* _GIVEN MATERIAL_
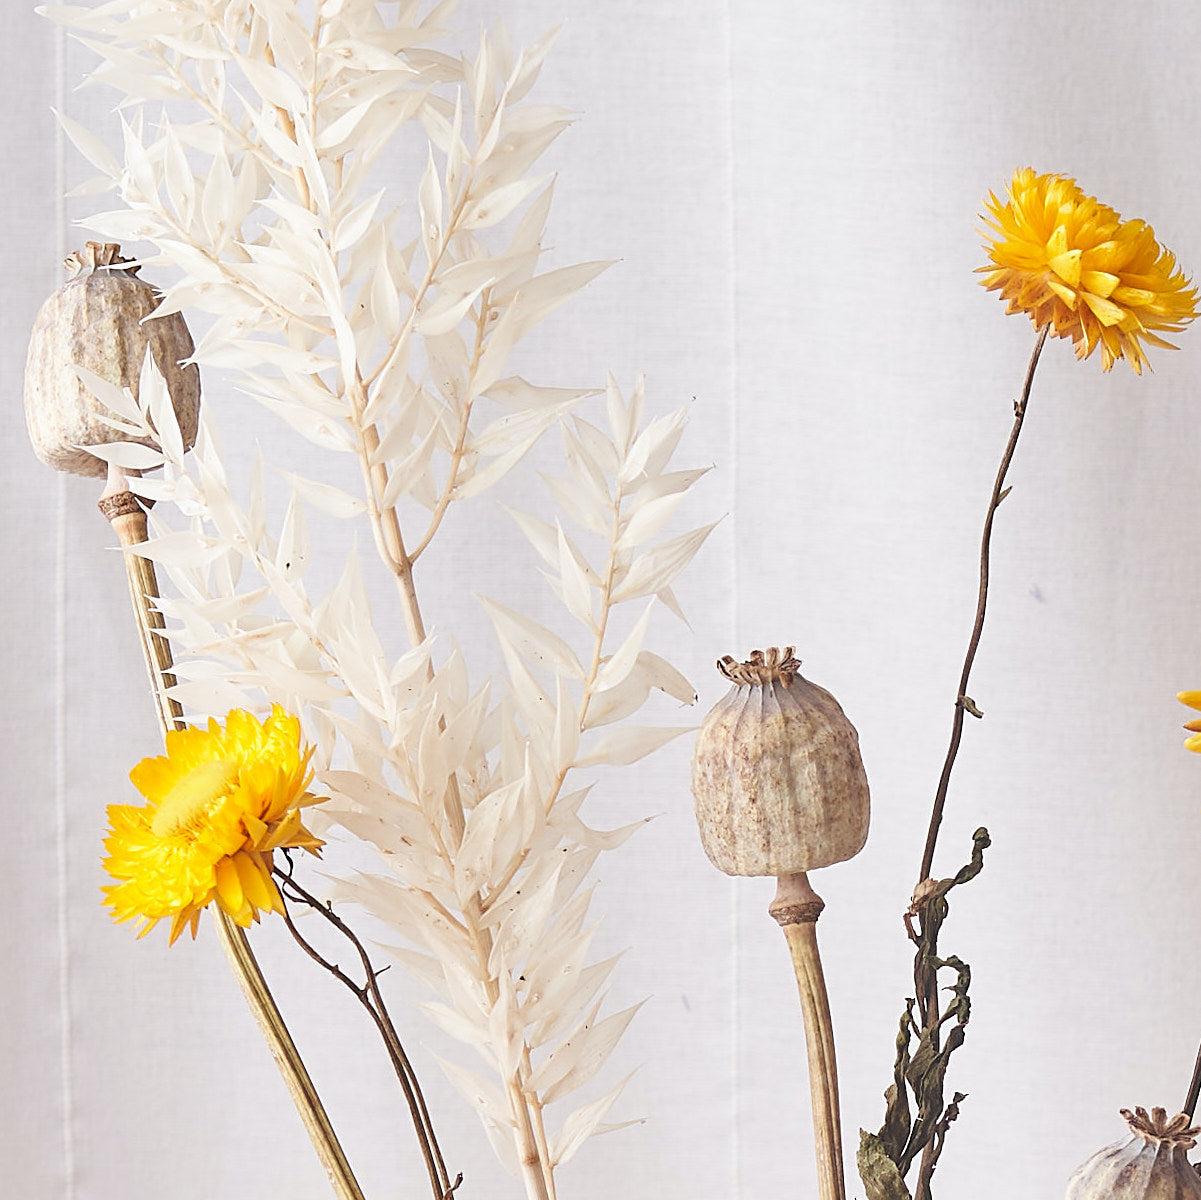 Dried flower bunch with yellow straw and poppy heads
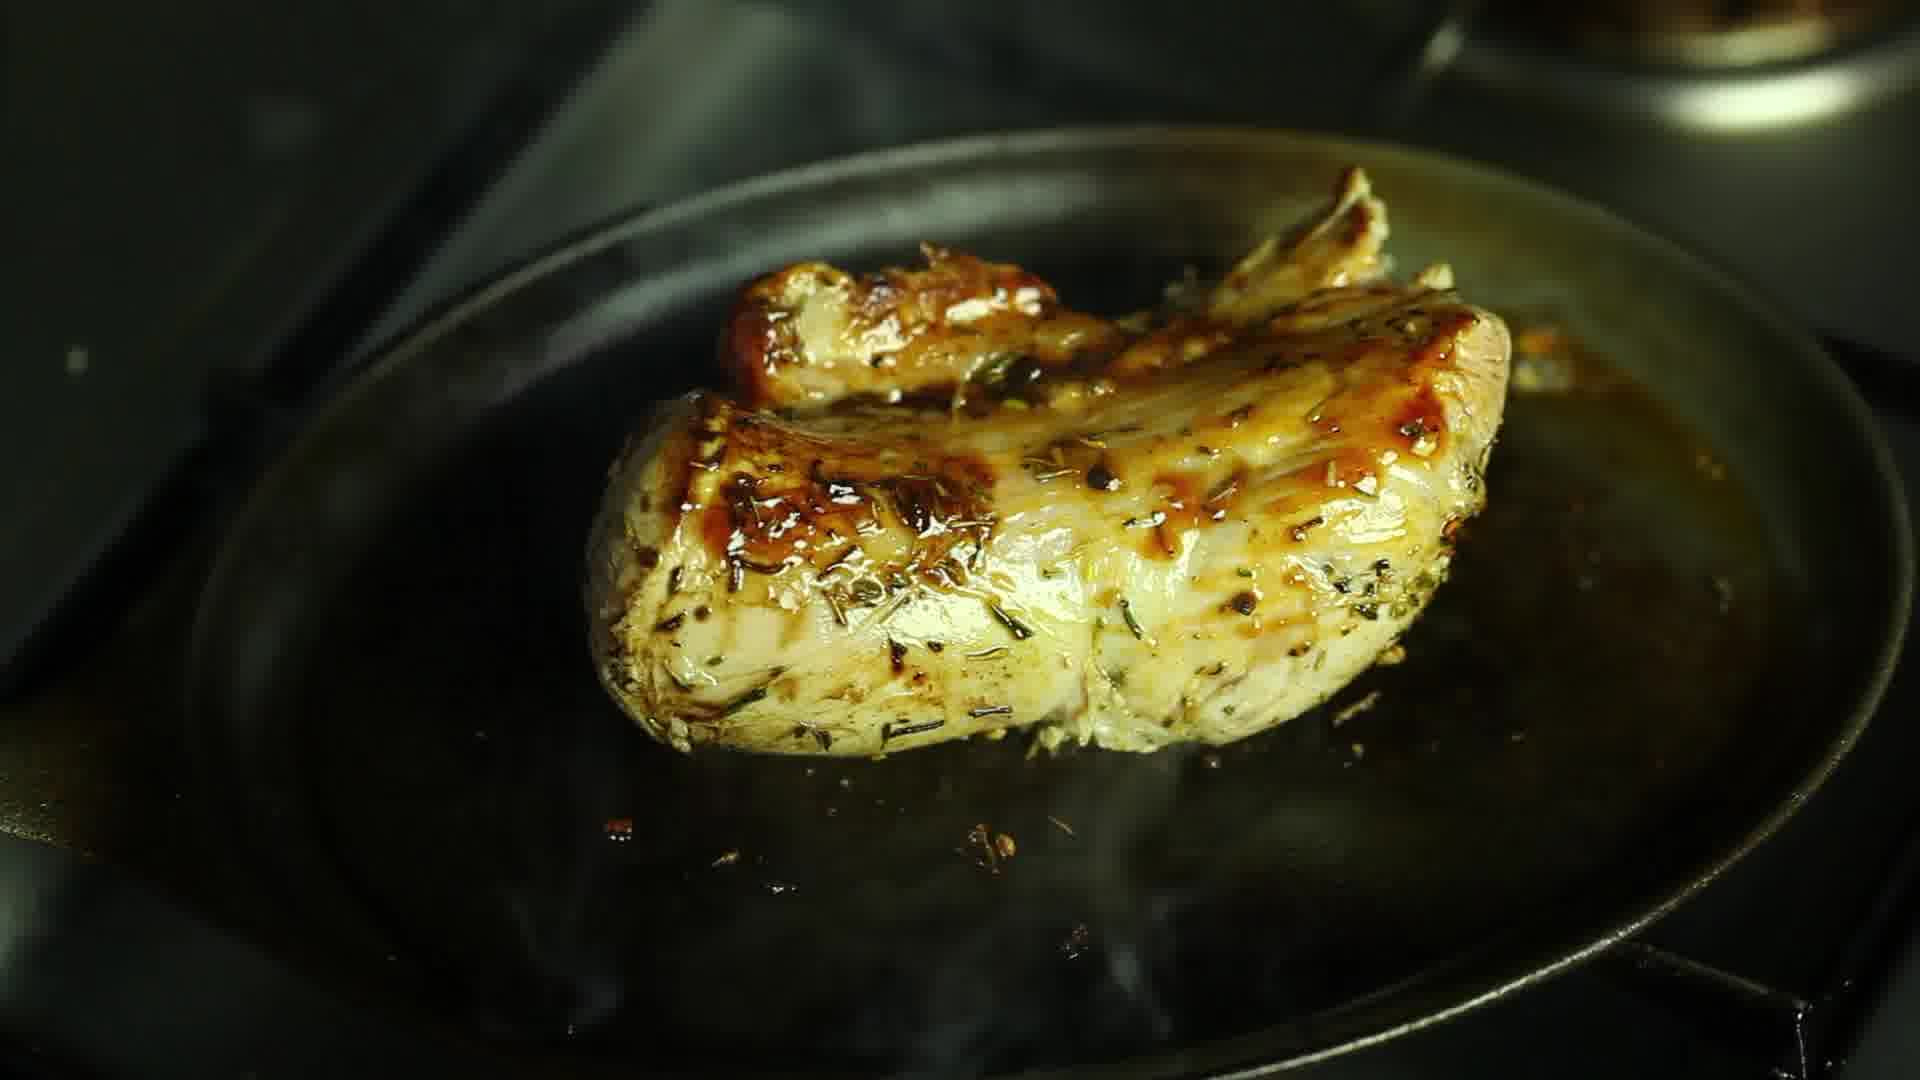 How To Cook A Pork Loin In The Oven
 How to Cook Pork Tenderloin in the Oven with

* _THE TASK_
Write out each line of the data exactly; the images should be left out.

* _ANSWER TO THE EXERCISE_
 Dried flower bunch with yellow straw and poppy heads
 How To Cook A Pork Loin In The Oven
 How to Cook Pork Tenderloin in the Oven with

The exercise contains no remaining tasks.